Minimise your HSC workload today
The underlying cause of procrastination is essentially that we find work an unpleasant and arduous prospect
However, while you’re probably never really going to ever get really excited to write yet another Hamlet essay, breaking down your work into manageable chunk sand coming up with a concrete plan can really minimise the chances you’ll put it off for longer than you should.
The goal here is to create a way to break your work into small manageable chunks. Trying to make an unpleasant, difficult essay seem inviting might be an impossible challenge, but you can take the edge off by setting small milestones and completing them sequentially rather than doing it (or putting off doing it) in one go. The aim is to learn to view what you have to do not as one huge, hours-long block of work, but instead as a series of small, doable tasks that you can chip away at, maintaining your motivation.
Think of the following example: say it’s a Monday, and you have an English essay due the following Monday, and also need to complete two 3 Unit Maths past papers by the end of the week for an upcoming exam. A poor approach would be to view each of these things as something that has to be done in one go. This makes the work seem much more challenging than it really is, and makes you more likely to put it off.

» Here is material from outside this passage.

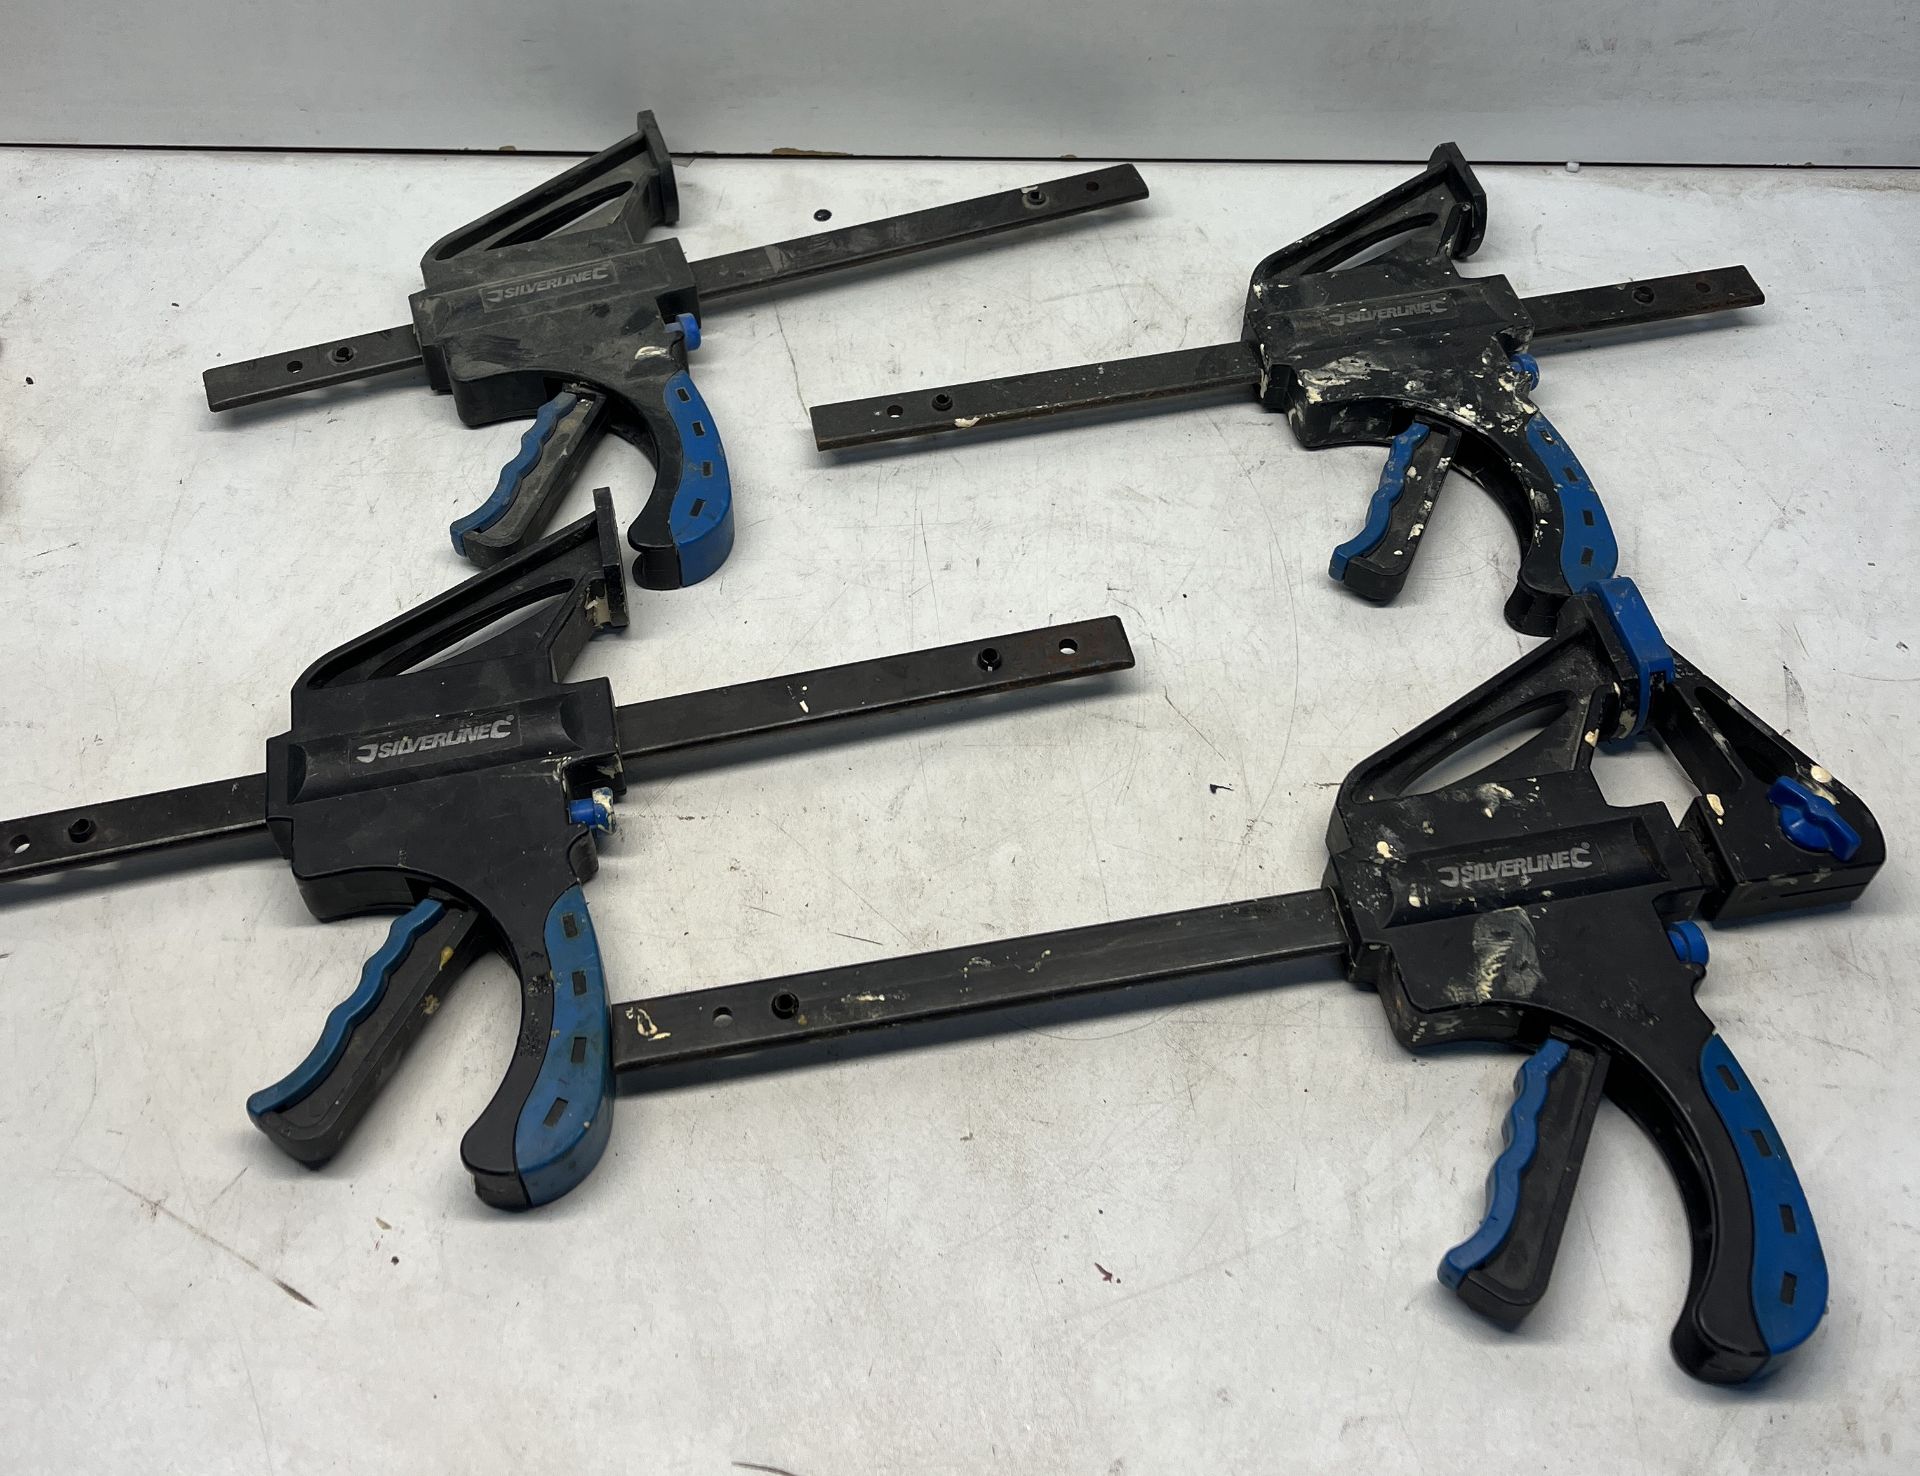 4x Silverline Clamps and Various Tools

Instead, consider breaking down the work into small chunks and writing a specific, structured to-do list like the following:
Write essay introduction (first 400 words) and draft body paragraph structure
Complete Multiple Choice Questions and Questions 1-5 of Maths Past Paper #1
Finish Maths Past Paper #1
Write draft of body paragraphs for essay
Proof-read essay. Make necessary adjustments to thesis and ideas.
Complete Multiple Choice Questions and Questions 1-5 of Maths Past Paper #2
Finalise essay: write completion, re-read and edit
Hand in essay
Finish Maths Past Paper #2
This is just a simplified example, but the point isn’t the content – the point is that you actually write down and set aside time for what you need to get done. If you don’t formalise this allocation of time and resources, it can be very easy to pretend you can put it off; once you come up with a concrete plan and physically document it, it’s much harder to procrastinate.